To mark its anniversary, the artists behind the iconic sculpture reflect on a decade of visitors, vandalism, and selfies
There’s a paradox sitting in the West Texas desert: a Prada store, with thousands of visitors but no customers. First opened to an audience of a few cowboys in October 2005, the Prada Marfa exists at the intersection of art, architecture, fashion and tourism, a sculpture with a permanent display of six bags and fourteen left shoes, resting on shelves in that precise shade of green that decorates the fashion house’s boutiques across the globe. It looks as if a tornado has precisely lifted it from the streets of a European fashion capital and dropped it abruptly into a sparse, arid wasteland.

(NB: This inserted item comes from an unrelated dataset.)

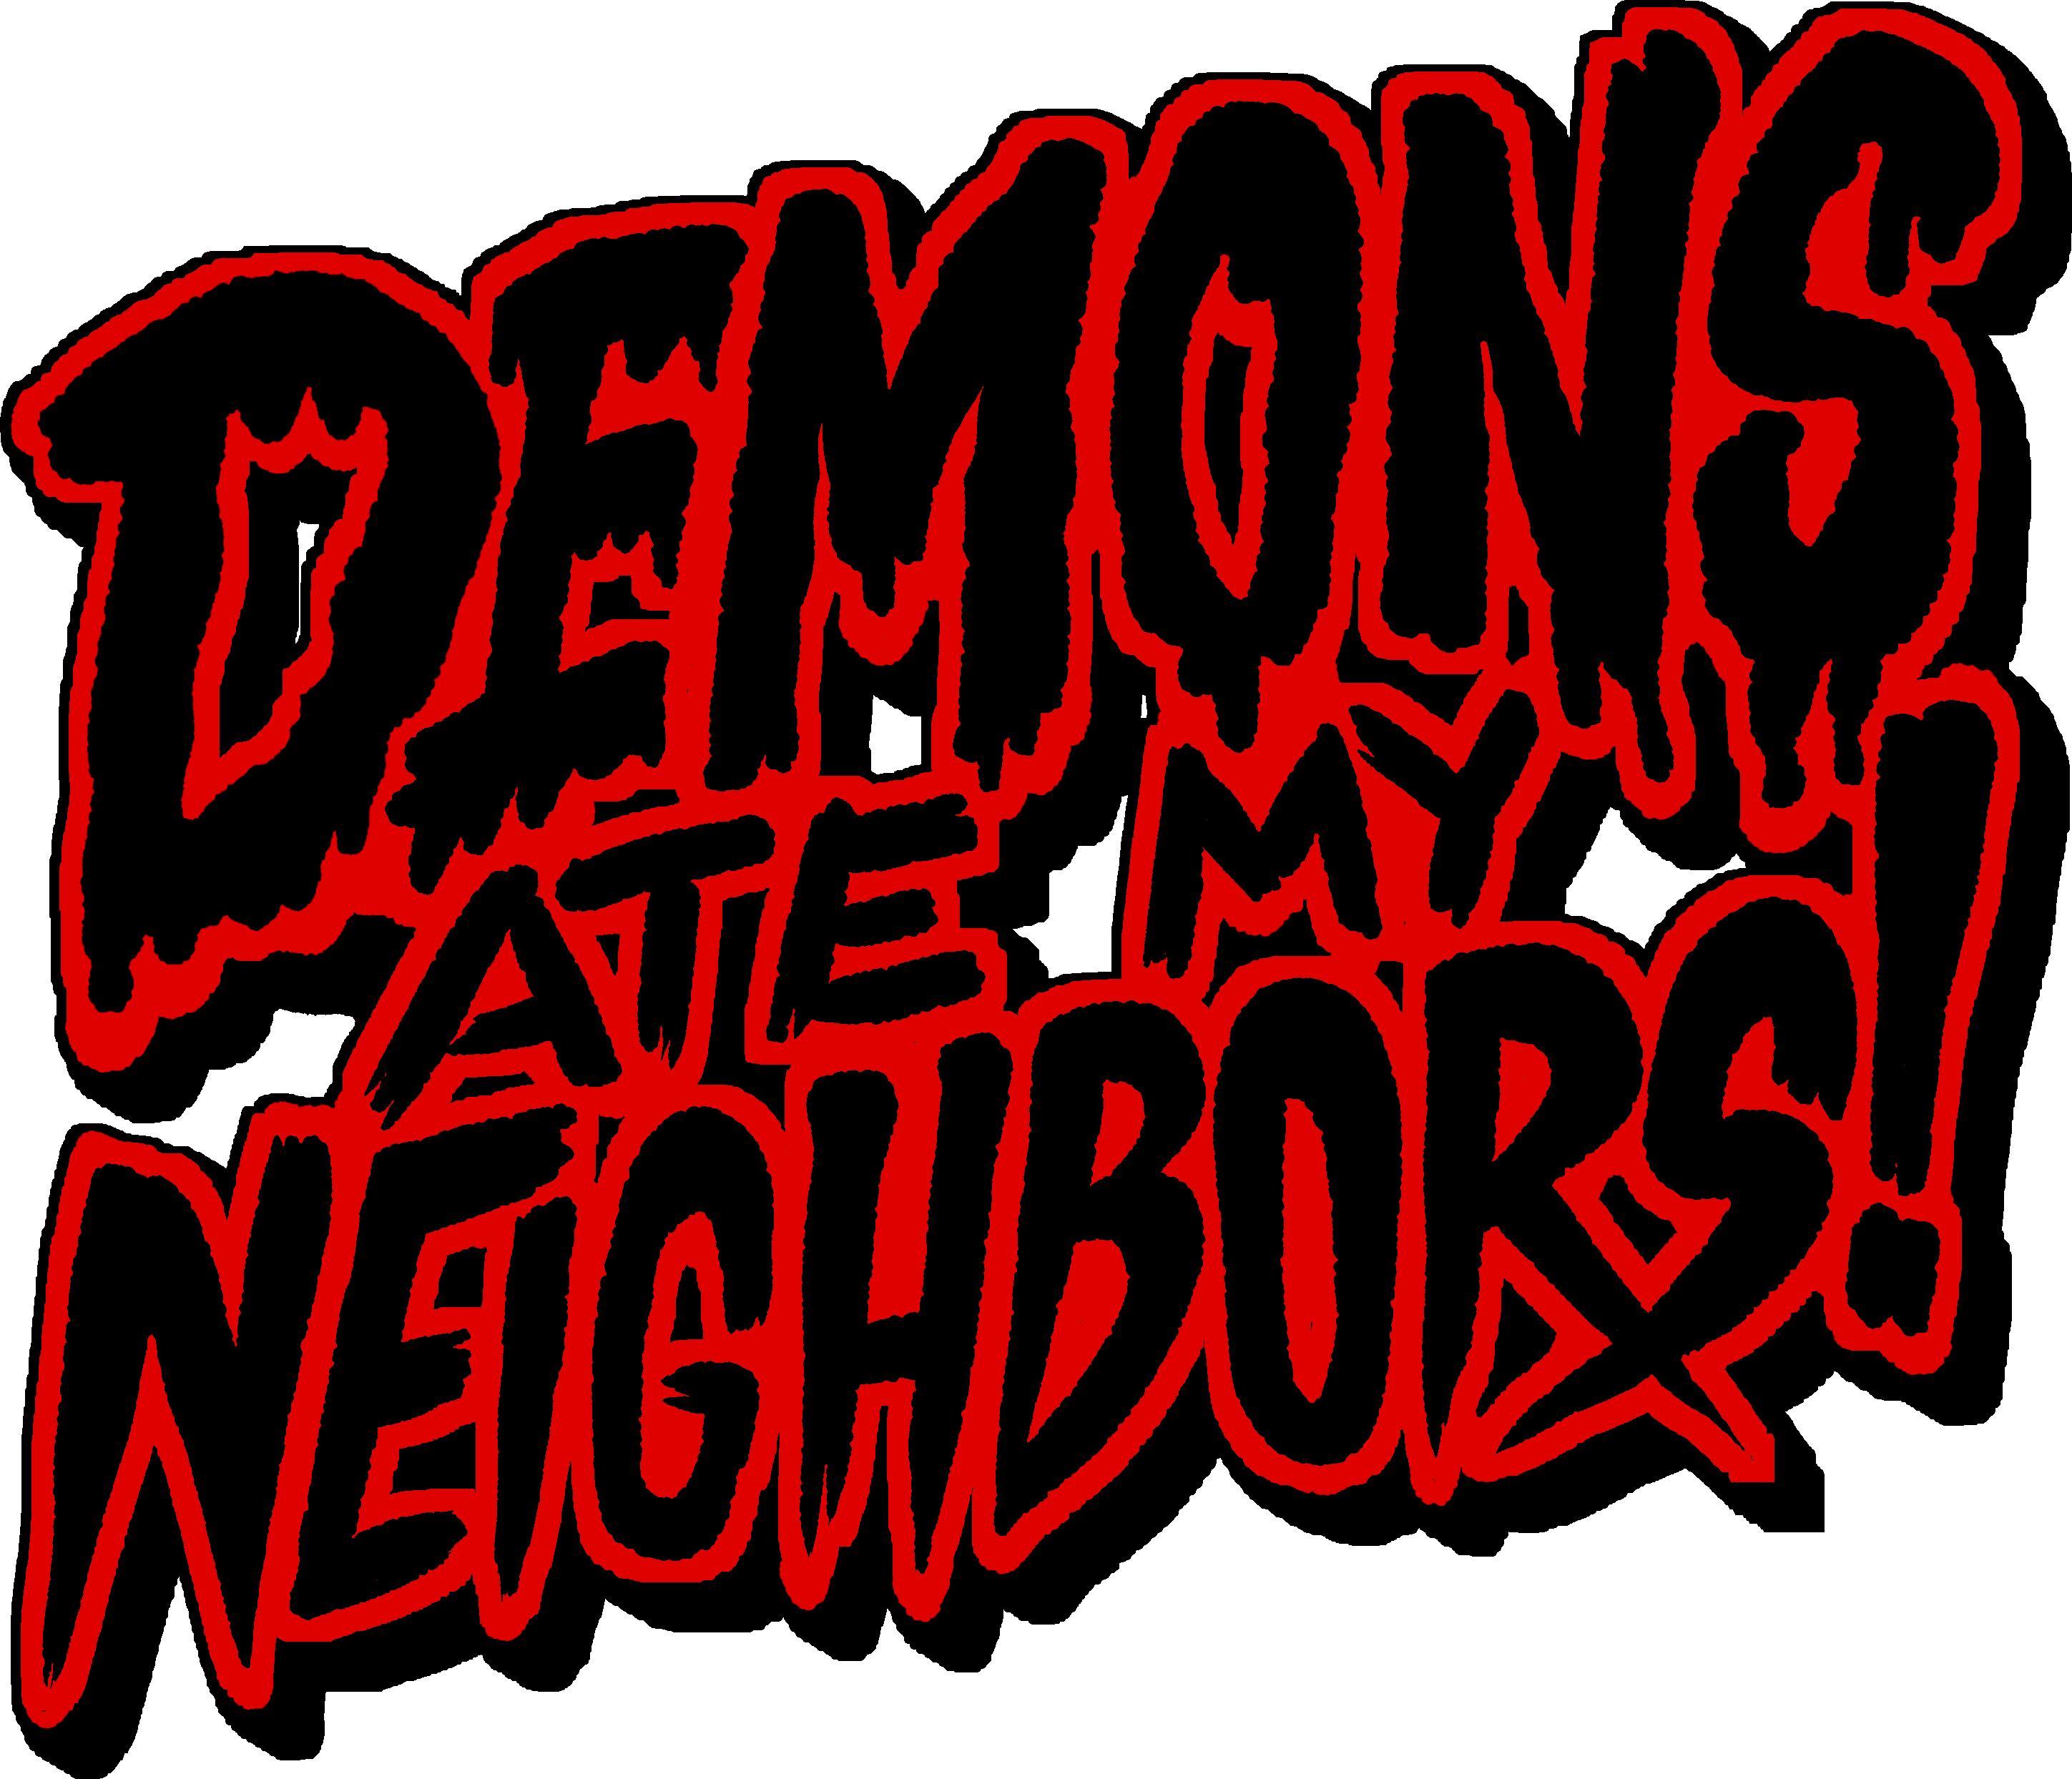 Demons-Ate-My-Neighbors_2020_08-12-20_011

The work of artist duo Michael Elmgreen and Ingar Dragset, the sculpture was intended never to be repaired – instead, the idea was to leave their work to crumble into the landscape like a late-capitalist relic. Plans soon changed as, over the last decade, the work has been robbed, defaced, and even completely trashed, when in 2014 an artist calling himself 9271977 (real name Joseph Magnano) covered the work with TOMS shoes stickers, painted its walls blue and glued posters to its windows. He was promptly arrested, and made to pay $12,000 in fines. Most recently it was threatened with demolition for being an illegal advert, until it was declared a museum (just one with a single exhibit).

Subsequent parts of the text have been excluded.